– Нет, – терпеливо сказала она, – через… пять дней. Вот солнце видишь? Оно закатится, потом еще раз. Потом еще раз. И еще два раза. Вот, пальцы загибай, – и она для верности сама загнула ему по очереди грязные худые пальцы. Он не противился. – Вот видишь? Раз, два, три. Четыре, пять… И я принесу сыр. Понял?
– Понял, – сказал он и вскочил с коряжки. Он был такой худой, что казался полупрозрачным, и сливался с солнечными пятнами, с ветками, зеленью и тенью – словно растворялся в них…
– Погоди! – Ганка тоже встала, солидно оправляя юбку и делая вид, что занята только этим, а спрашивает так, мимоходом. – А как тебя зовут?
Эльфы не любят говорить, как их зовут на самом деле, но если выведать имя, можно получить над эльфом большую власть.
Эльфенок пошевелился и снова стал хорошо различим, словно бы вернулся из мира теней в мир людей…
– Желто-красный листик дуба, который оторвался от родной ветки, – сказал он с некоторой даже гордостью. – Красиво, правда? Я сам придумал.
– Немножко длинно, – сказала Ганка, – хотя, конечно, красиво, – поспешно добавила она, чтобы эльфенок не рассердился. – Листик тоже неплохо звучит – это ведь почти то же самое, только немножко короче. Я буду тебя называть Листик.

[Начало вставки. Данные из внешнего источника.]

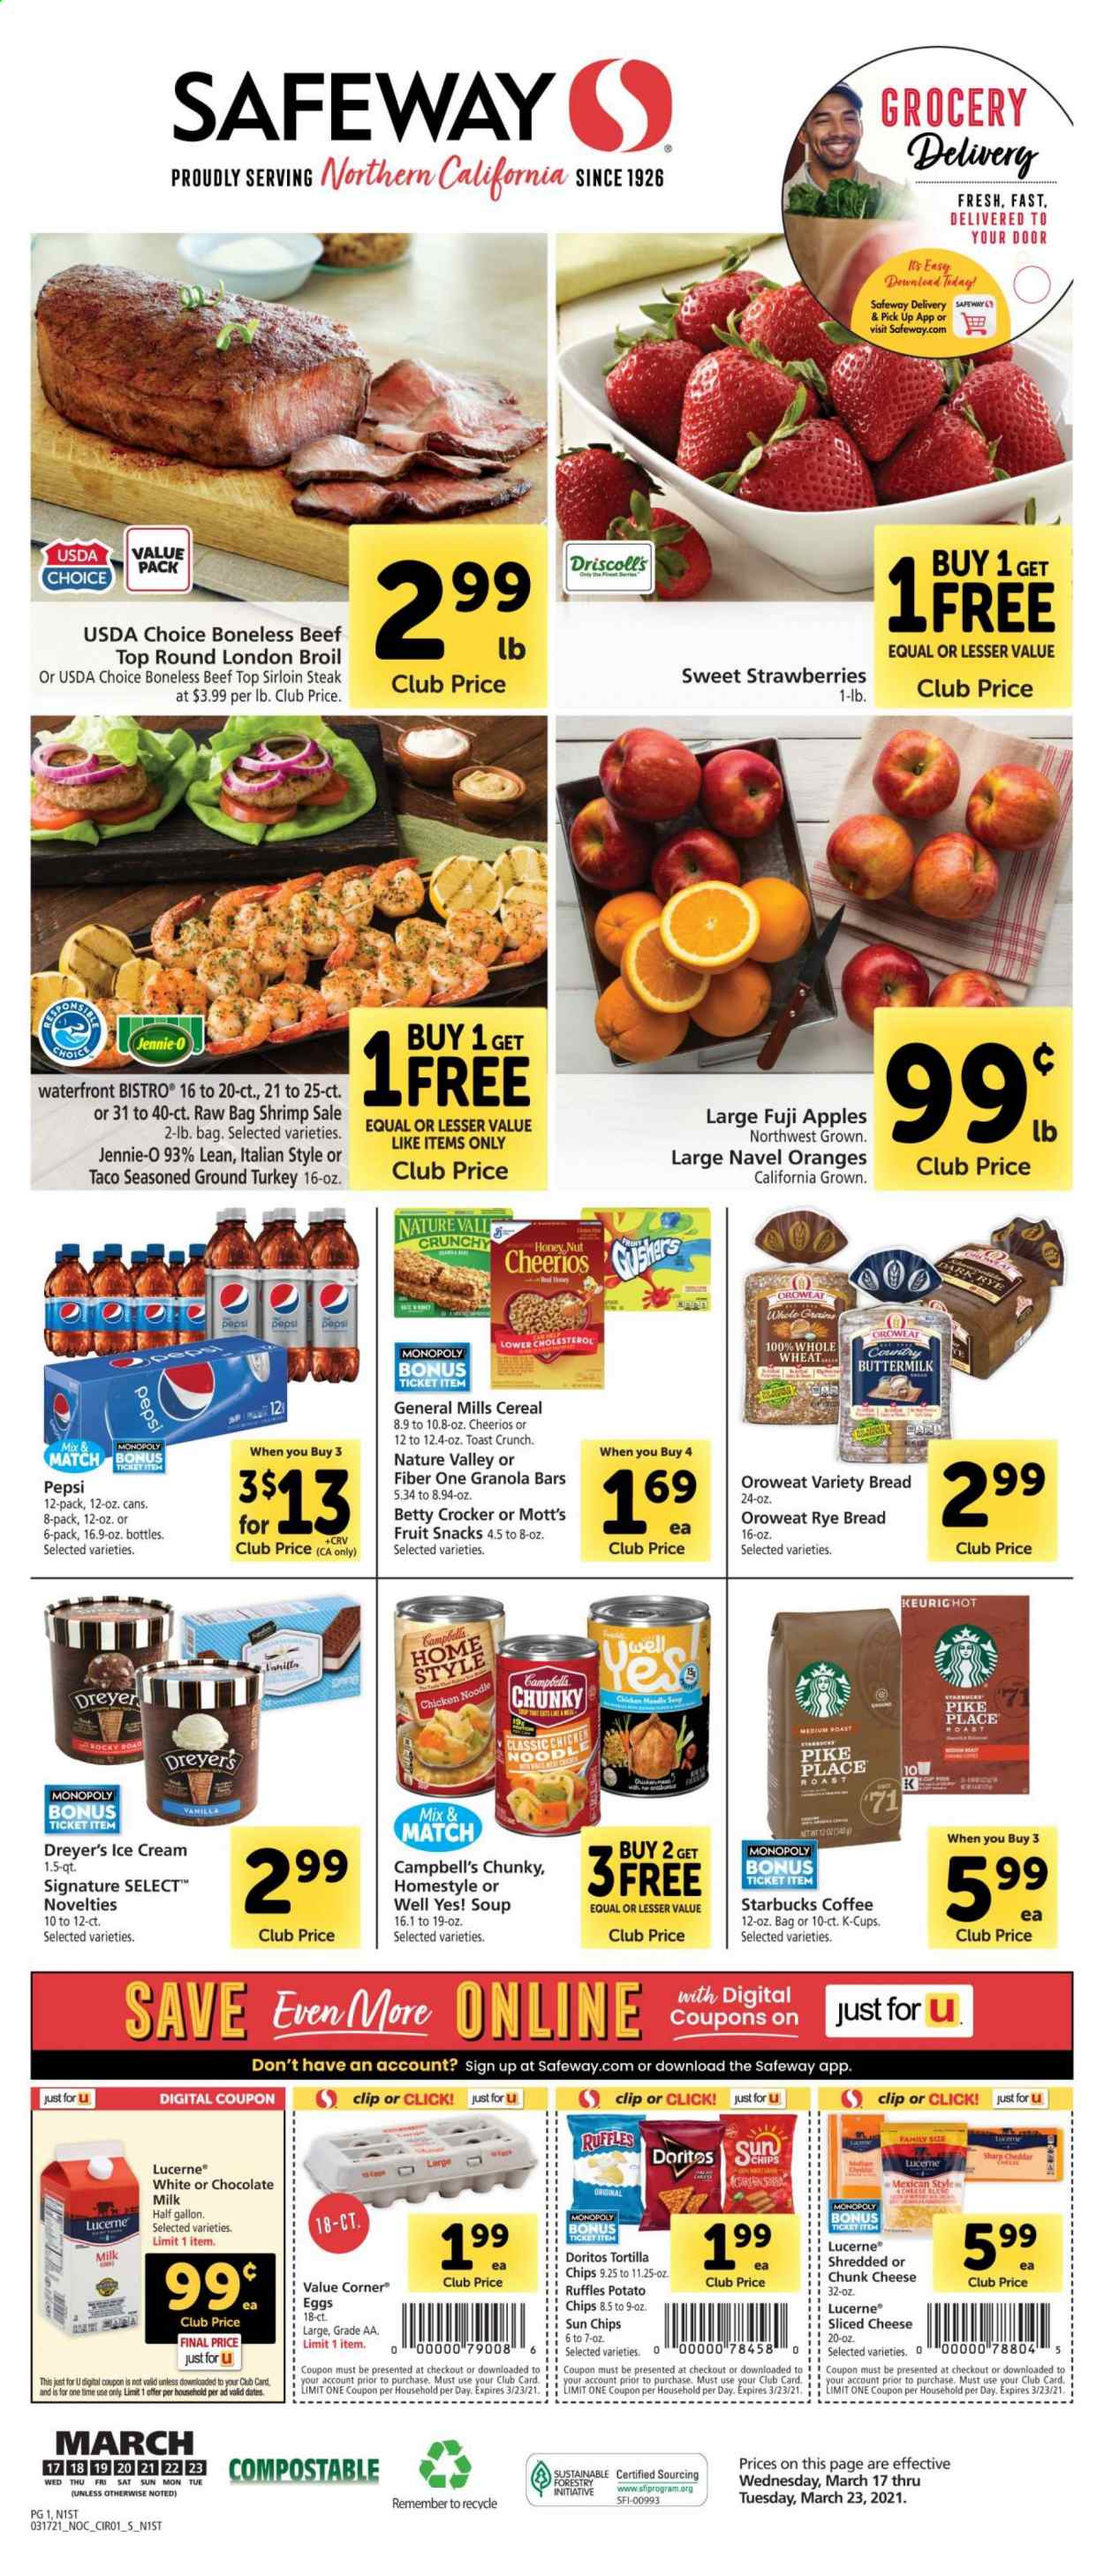 thumbnail - Safeway Flyer - 03/17/2021 - 03/23/2021 - Sales products - Fuji apple, bread, tortillas, toast bread, apples, oranges, ground turkey, beef sirloin, steak, sirloin steak, shrimps, Campbell's, soup, sliced cheese, cheese, chunk cheese, buttermilk, eggs, ice cream, strawberries, chocolate, fruit snack, Doritos, potato chips, chips, Ruffles, cereals, Cheerios, granola bar, Nature Valley, Fiber One, noodles, dried dates, Pepsi, Mott's, coffee, Starbucks, coffee capsules, K-Cups, Sharp. Page 1.
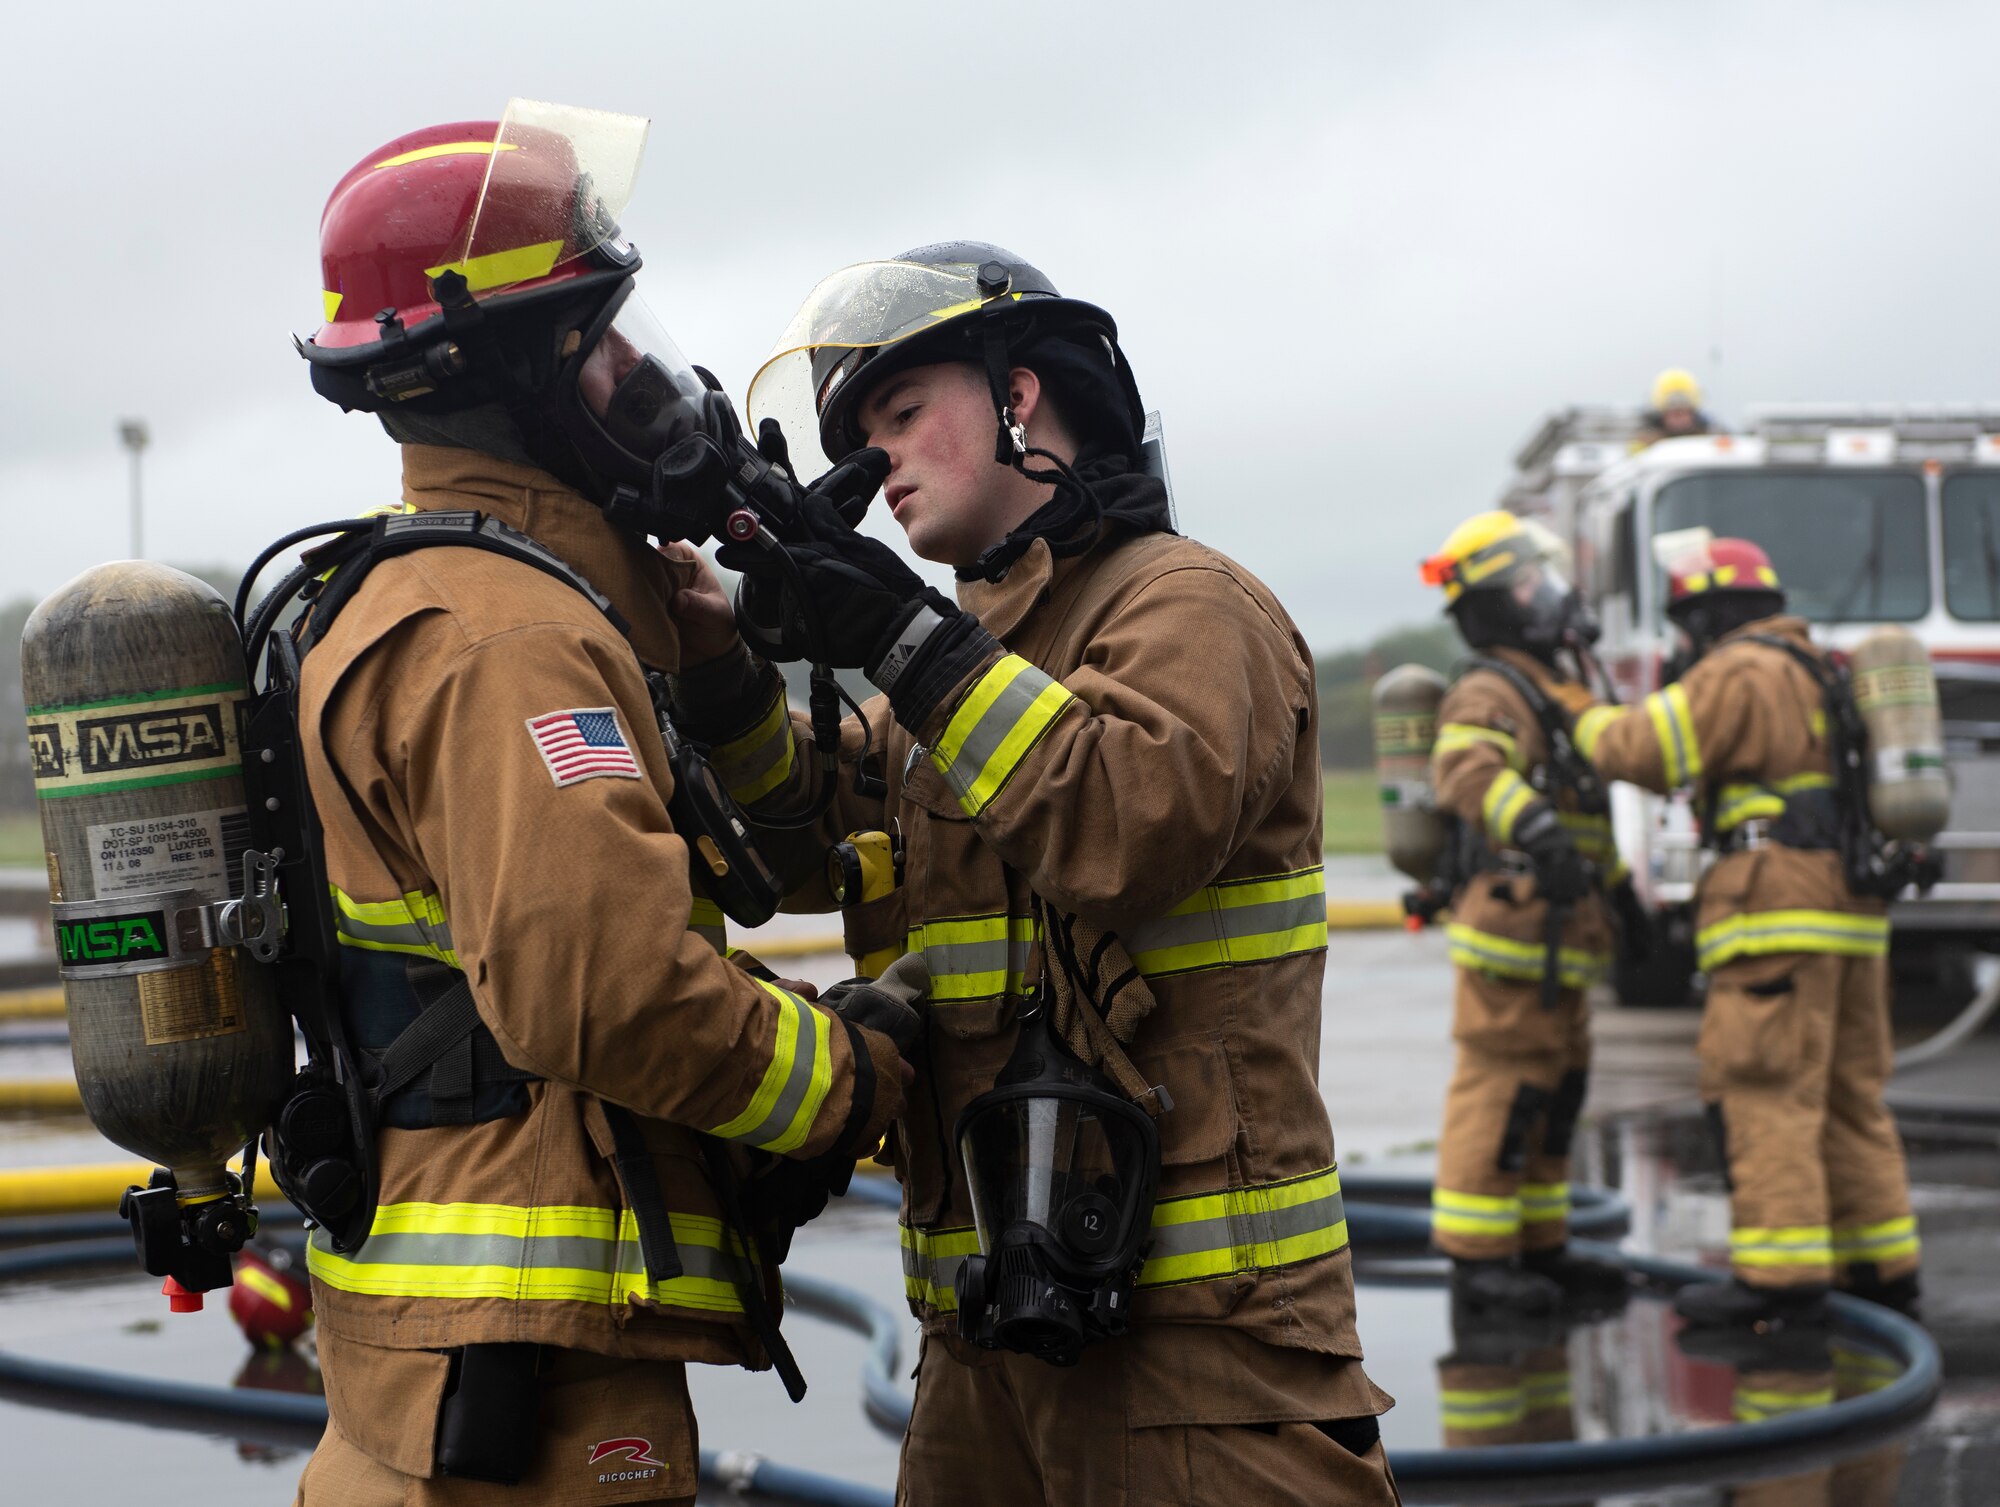 U.S. Air Force firefighters assigned to the 48th Civil Engineering Squadron perform buddy checks on their personal protective equipment prior to a controlled burn training exercise at Royal Air Force Lakenheath, England, July 8, 2020. Structural training exercises allow Liberty Wing firefighters to improve communication and teamwork in low visibility, high stress environments. (U.S. Air Force photo by Airman 1st Class Jessi Monte)

Эльфенок явно не хотел сказать ей свое настоящее имя, а значит, он на самом деле гораздо хитрее, чем кажется. На всякий случай она тоже попробовала схитрить.
– А как тебя называла Федора? Как-то же она тебя называла!
– Солнышко. Она называла меня – солнышко, – сказал он, отступил в тень и пропал.
Эльфенок и вправду не принес удачи – отец ворчал, что она запоздала, потому что любил есть кулеш как раз с козьим сыром, а тут не дождался и схарчил так, и кулеш показался ему невкусным. На куренной работе мужики всегда голодные, это Ганка знала, потому что приходится ворочать тяжелые бревна… Правда, и неудачи эльфенок не принес – отец мог и по уху заехать, но ведь не заехал же… И про эльфенка она ни отцу, ни братьям не рассказала, хотя и сама не знала почему. Может, потому, что ей, Ганке, хотелось иметь свою собственную тайную жизнь – а какую такую тайную жизнь можно иметь, если спишь вповалку на лавке с сопливыми младшими братьями?
Углежоги уж никак не похожи на эльфов, но у них тоже есть своя магия, и у землеробов есть, и когда и те и другие посылают небу свои чаяния сообща, то оно может и снизойти: весь месяц серпень стояла погода жаркая и сухая, деревья шелестели сухой листвой, и сухие грозы швырялись зарницами за далеким окоемом, истыканным зубчатыми горами… Но какие бы зарницы там ни вспыхивали ночами, до Зеленого Кута не долетала ни одна, и Ганка ходила на куренную поляну по тихому, теплому, пахнущему смолой лесу, который словно бы чуял, что когда-нибудь придет зима и все замрет в стылом бесцветном сне, и старался как бы набраться солнца и золотого ленивого счастья впрок… Даже дикие звери в это время в мире с людьми, потому что в лесу вызревают грибы, ягоды и орехи и немерено плодятся муравьи и лесные мыши, а что бы там ни говорили, волк охотнее охотится за мышами, чем за оленями, или, скажем, деревенскими девушками с сильными руками и ногами и крикливой глоткой.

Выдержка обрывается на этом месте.